Mishpatim: Do Not Oppress The Widow and the Orphan

The pesukim state {Shemot 22}:
כא כָּל-אַלְמָנָה וְיָתוֹם, לֹא תְעַנּוּן. 21 Ye shall not afflict any widow, or fatherless child.
כב אִם-עַנֵּה תְעַנֶּה, אֹתוֹ--כִּי אִם-צָעֹק יִצְעַק אֵלַי, שָׁמֹעַ אֶשְׁמַע צַעֲקָתוֹ. 22 If thou afflict them in any wise--for if they cry at all unto Me, I will surely hear their cry--
כג וְחָרָה אַפִּי, וְהָרַגְתִּי אֶתְכֶם בֶּחָרֶב; וְהָיוּ נְשֵׁיכֶם אַלְמָנוֹת, וּבְנֵיכֶם יְתֹמִים. {פ} 23 My wrath shall wax hot, and I will kill you with the sword; and your wives shall be widows, and your children fatherless. {P}
Is this just imposition of morality via threats -- if you afflict, I will punish you, because you are doing wrong? I think so, to a certain extent. But I think that another part of the message is an attempt to teach empathy. And if someone cannot feel empathy for their plight, Hashem will cast their wives and children into a similar plight. Thinking about this happening to people one cares about, and how they would handle being in such a situation, might influence someone to empathize more with people who are not close relatives who are in this plight.
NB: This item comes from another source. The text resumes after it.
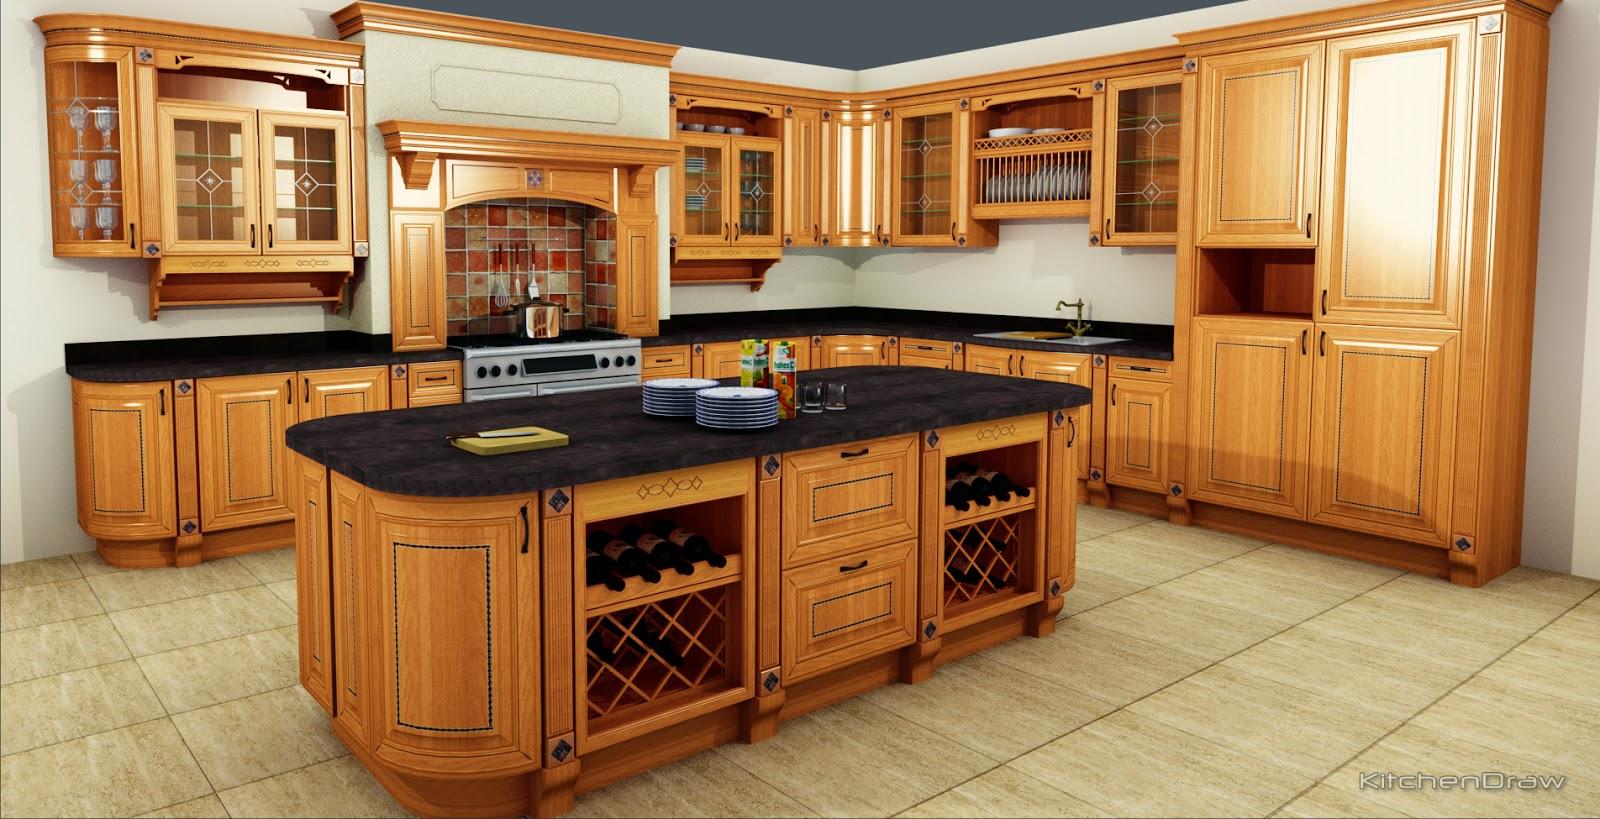 Melamiprog team up7 nuevo kitchendraw 6 5 full espa ol for Kitchendraw 6 5

And indeed, empathy is a theme in the immediately preceding context as well:
כ וְגֵר לֹא-תוֹנֶה, וְלֹא תִלְחָצֶנּוּ: כִּי-גֵרִים הֱיִיתֶם, בְּאֶרֶץ מִצְרָיִם. 20 And a stranger shalt thou not wrong, neither shalt thou oppress him; for ye were strangers in the land of Egypt.

1 comment:

Anonymous said...

I find it interesting how in parshat Mishpatim, explanations are given for mitzvot bein adam lechavero and not bein adam lemakom, while in aseret hadibrot the opposite is the case.